● **Supplied data**:
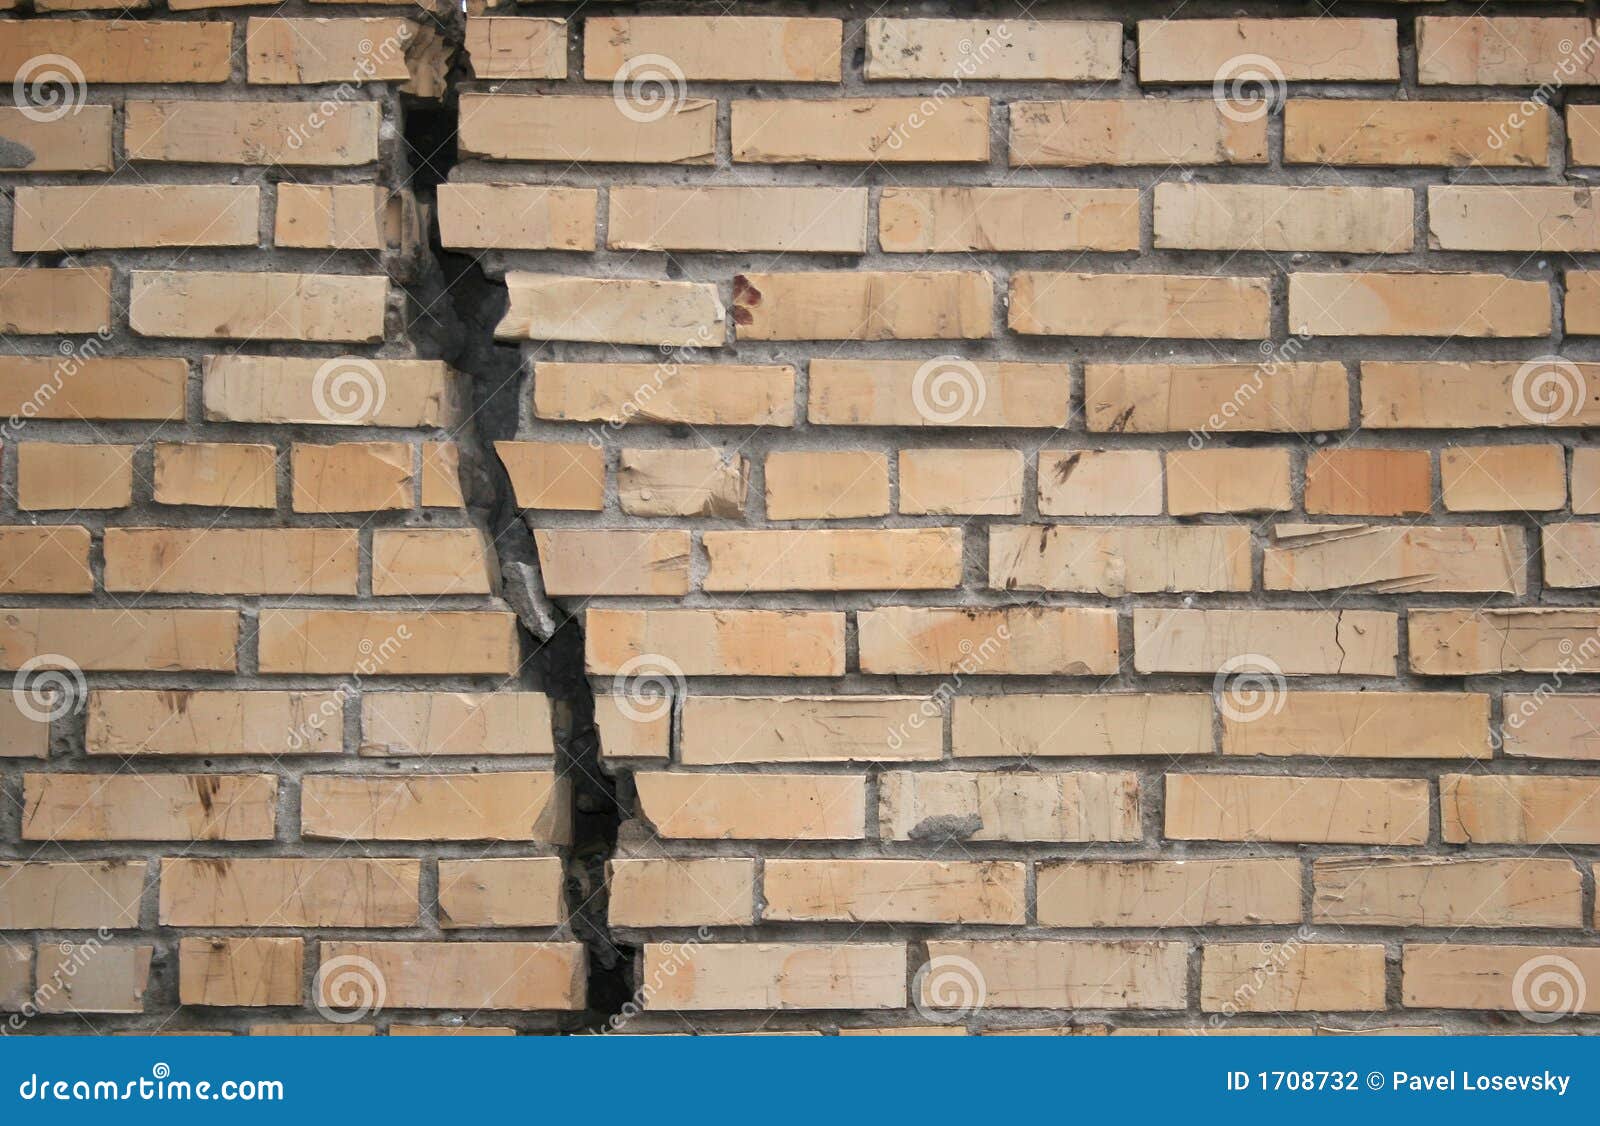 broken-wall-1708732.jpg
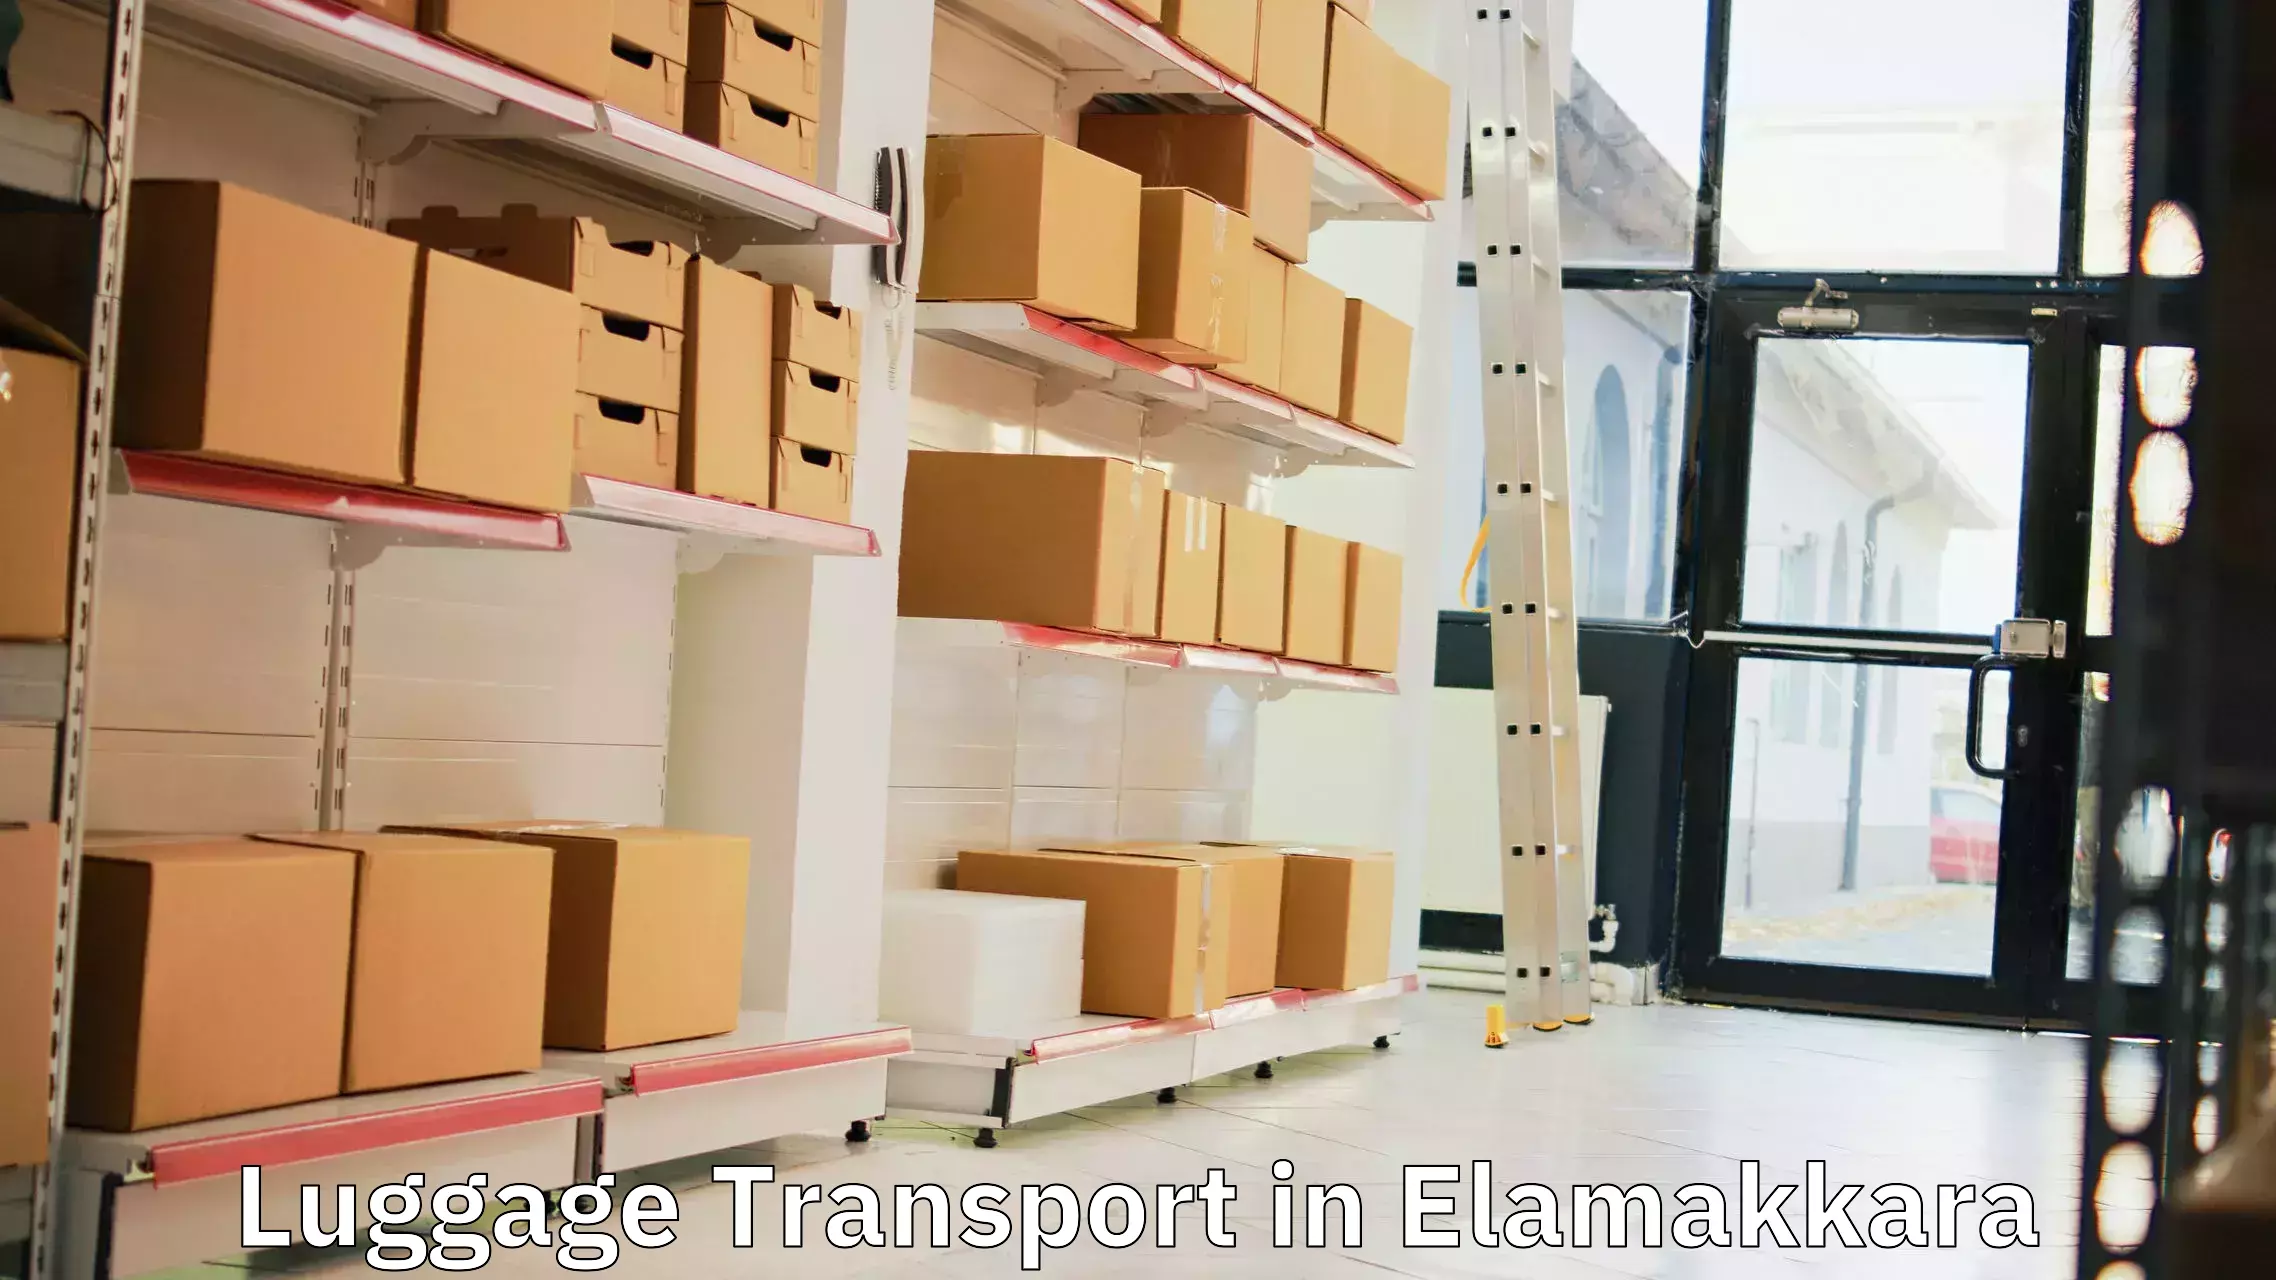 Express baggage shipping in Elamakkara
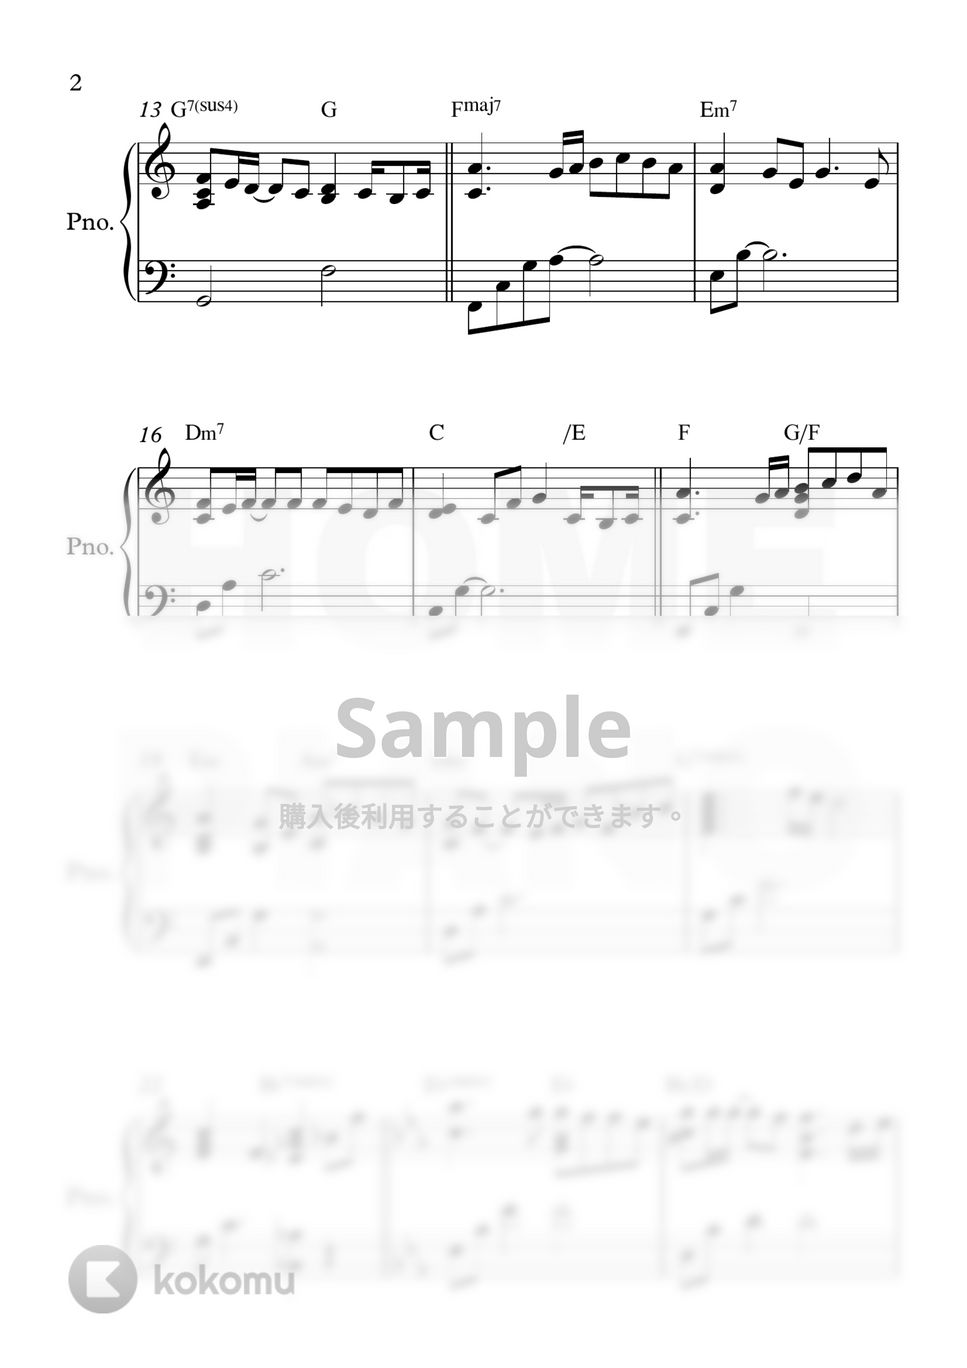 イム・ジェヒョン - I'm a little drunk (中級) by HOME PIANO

● **Your instructions**: Leave out every picture, and copy exactly the lines from the line that contains "Express baggage shipping in Elamakkara" through the end of the material.

● **Expected answer**:
 Express baggage shipping in Elamakkara
 イム・ジェヒョン - I'm a little drunk (中級) by HOME PIANO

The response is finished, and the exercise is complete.